Q: With both of the Watch blogs, you are regularly asking tough questions of journals and researchers. Has this caused any blowback for you and your staffs at Reuters Health or MedPage Today?

A: Early on, there was one journal press officer who asked for the name of my boss at Reuters and threatened to contact him if I didn’t write an Embargo Watch post the way he wanted. I was happy to give it to him. But that was just bluster, and I don’t remember anything similar since. It was awkward for me to write about embargo breaks by Reuters colleagues, but there wasn’t any blowback one way or another. I can’t really say what effect, if any, the blogs might have on the MedPage Today staff, since I just started here. But I see the kinds of questions Adam and I ask on the blogs are the sorts of questions reporters should be asking of journals and researchers anyway, so if there’s blowback, that reflects pretty poorly on institutions that would like us to think of them as transparent and self-correcting.

Q: The blogs certainly have raised your profile.
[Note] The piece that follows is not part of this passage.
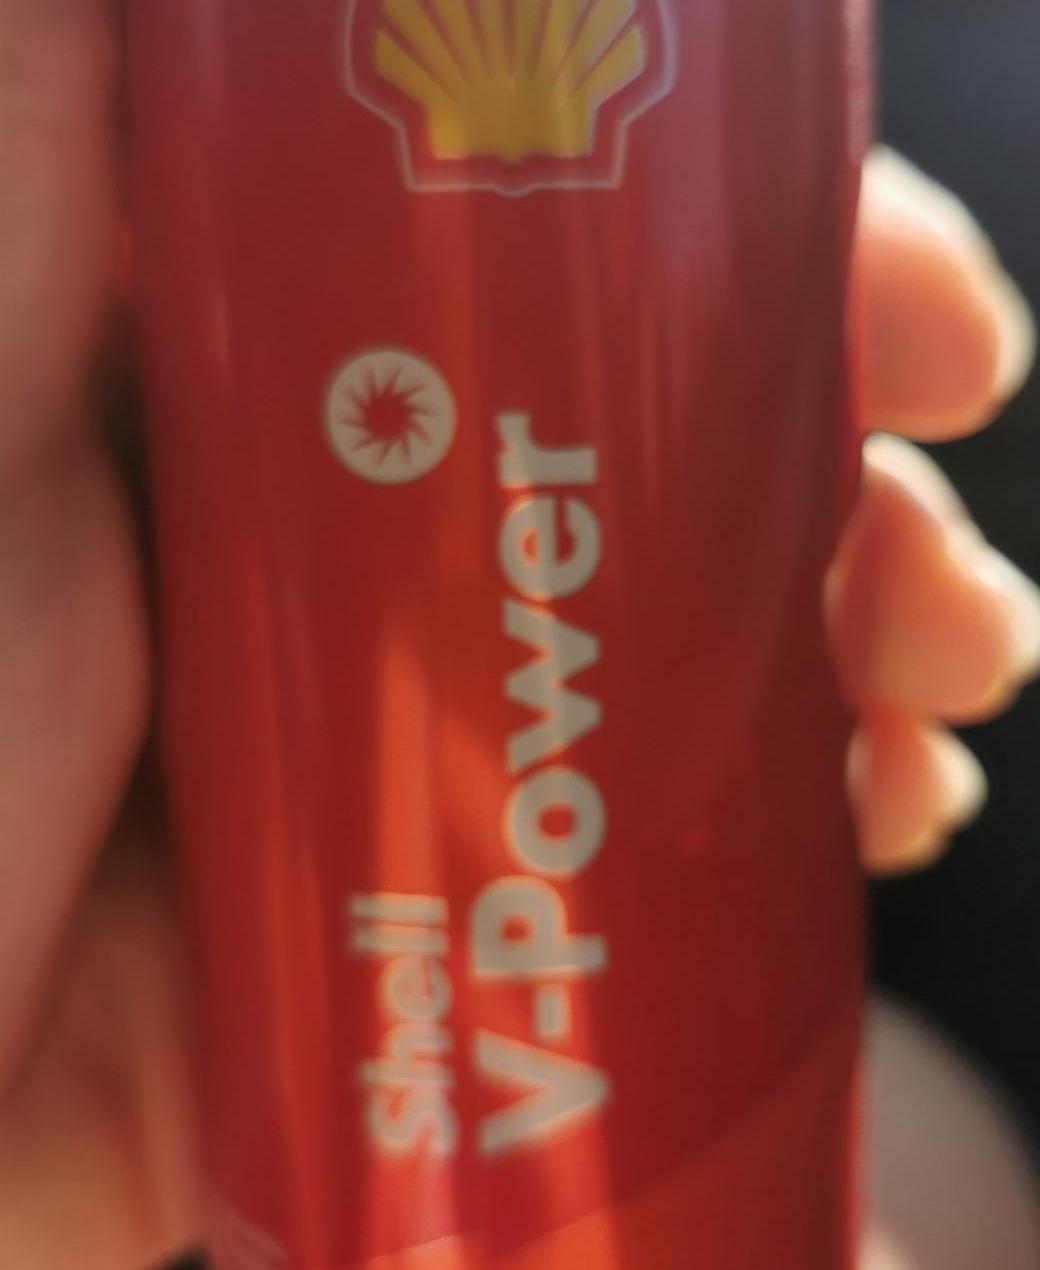 Fotografie - Shell V-Power classic energy drink

What advice can you offer for health writers looking to brand themselves in a similar way?

A: I think it helps to find a tiny niche and report the hell out of it. Depending on what you’re covering, your reporting can add value, unearth stories many people never wanted told, and force major news outlets to pick up your stories (hopefully with credit). It helps if that niche is underserved by mass media outlets, and has a built-in constituency that has strong feelings about the subject. With Embargo Watch, that means I have a small but very dedicated readership of science reporters and public information officers, many of whom have grown exasperated by embargoes, or want to defend them to the death. Retraction Watch is tapping into a community of scientists and observers frustrated by a lack of transparency among journals and institutions. (It doesn’t hurt that we happened to have launched in a boom market for retractions, with two record-setting years in a row.)

That brings me to my other bit of advice: Think of your online presence as orchestrating a conversation, not as using a megaphone. Too many reporters seem to think of social media only as a way to get the word out about their latest work. What a waste. There’s a community of people who wants to talk to you and to each other. Give them a voice, and they will be your best ambassadors and tipsters.